Mendidik Cucu ala Rasulullah SAW

Posting Komentar
Berikut adalah artikel Tentang cara Mendidik Cucu ala Rasulullah SAW
Ilustrasi Ayah Dan Anak (dok. @alix_wijaya)

Hari ini begitu banyak permasalahan seputar Keluarga dengan berbagai macam bentuknya, yang intinya adalah _"Tidak Pecusnya"_ para orang tua dalam mendidik Generasi mereka. Terlalu sibuk dengan pekerjaan dengan alasan mencari Nafkah dan mengandalkan Pendidikan diluar rumah untuk sebuah alasan "tidak sempat" mendidik Anak.

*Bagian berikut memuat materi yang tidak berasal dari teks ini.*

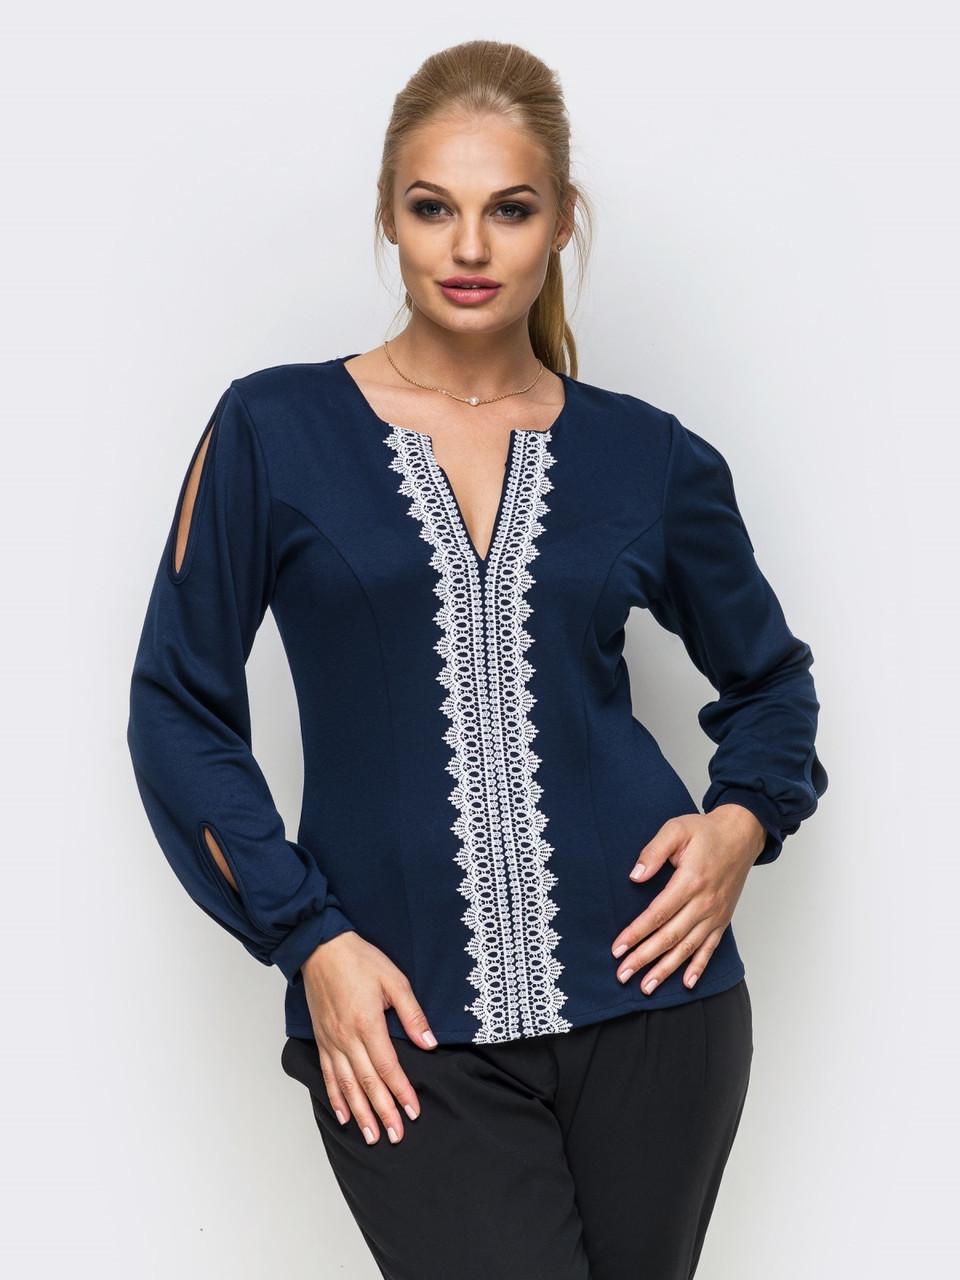 6591c76336c 👶Синяя блузка с V-образным вырезом (с разрезами на рукавах
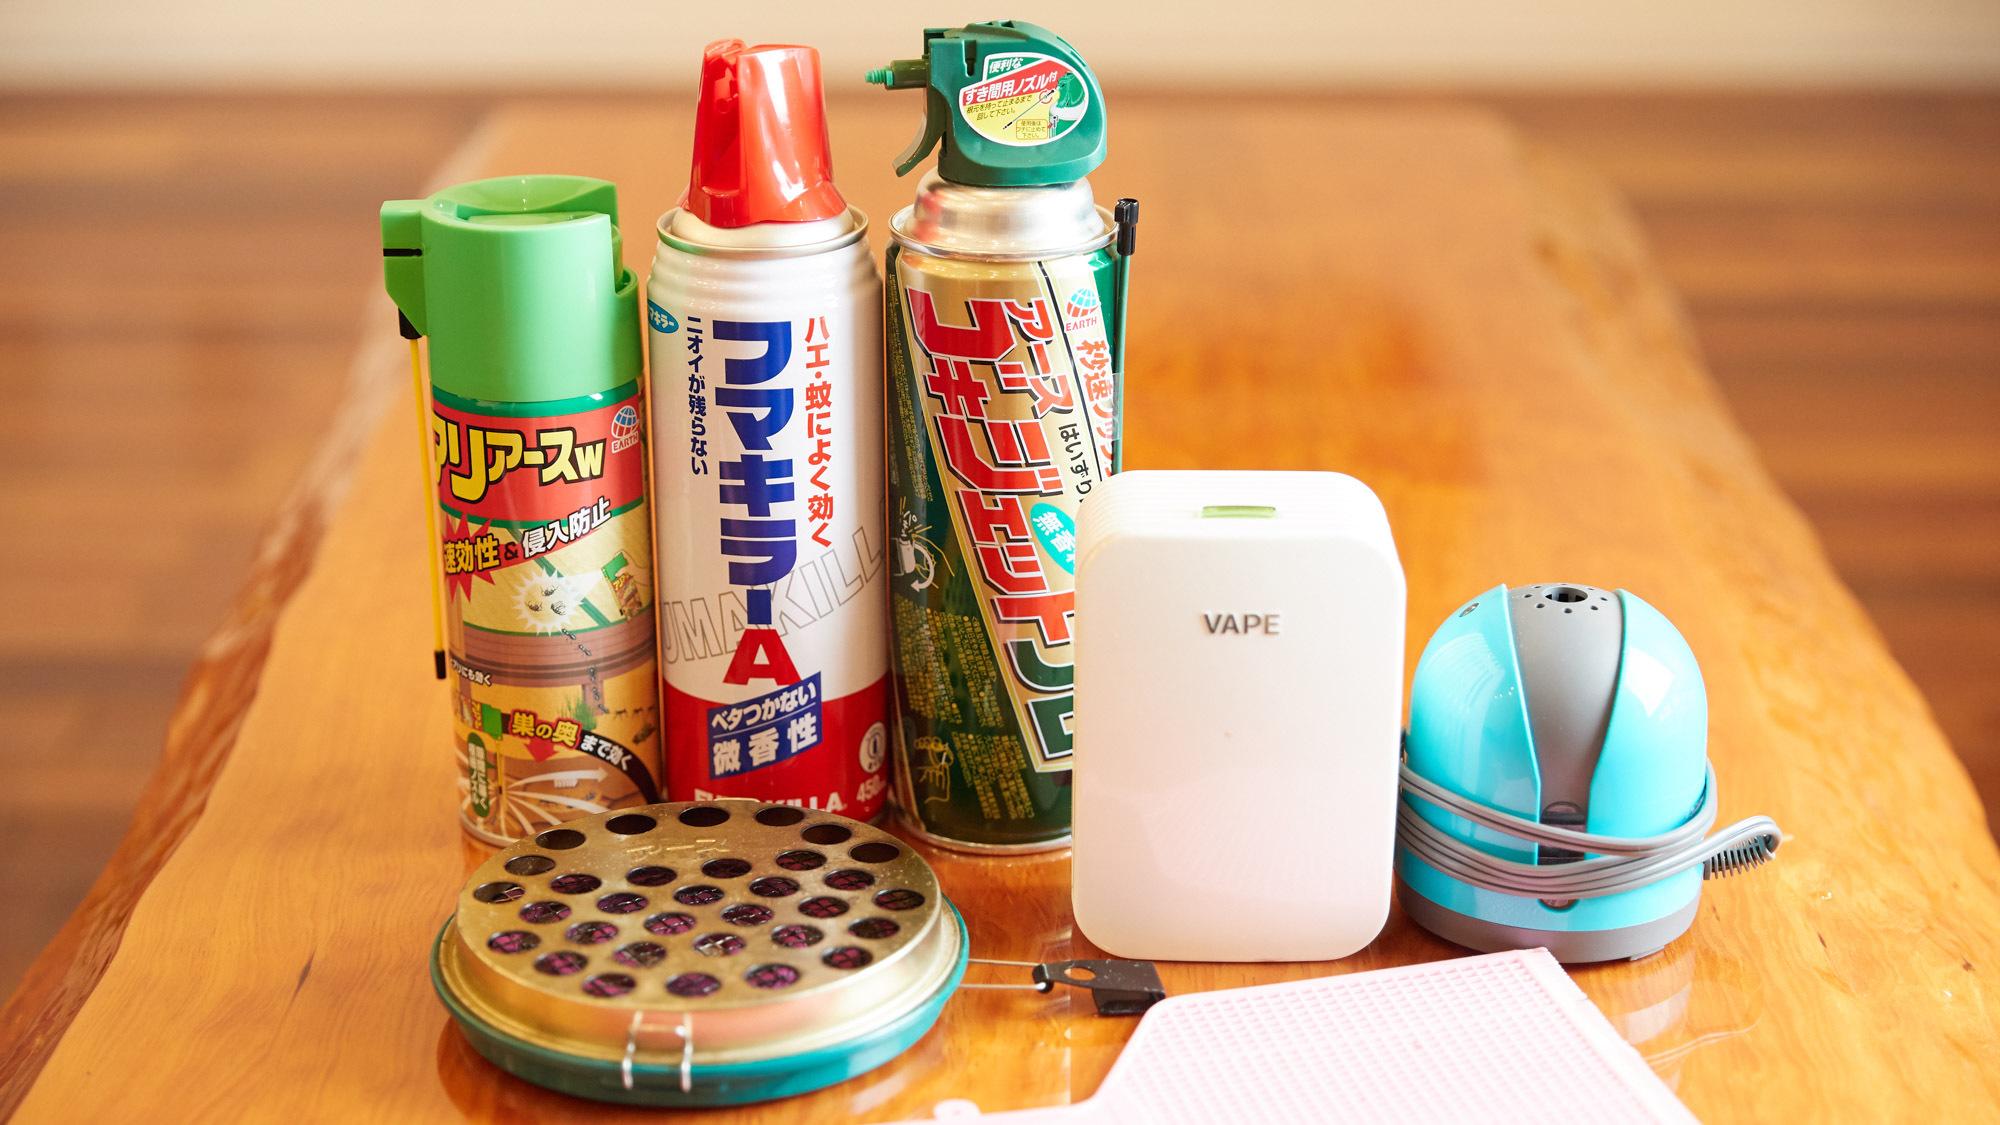 【客室備品】虫対策用品一式

Lalu berharap para Pendidik/Guru bisa _menyulap_ anak-anak mereka menjadi _The Great Generation_, harapan yang bagus sih. Namun kenyataan berbeda dengan harapan, dan ini menjadi perhatian para Pelaku Pendidikan. Mereka mulai sibuk mencari referensi cara mendidik anak yang _"Ideal"_ dengan cara membaca buku atau ikut seminar.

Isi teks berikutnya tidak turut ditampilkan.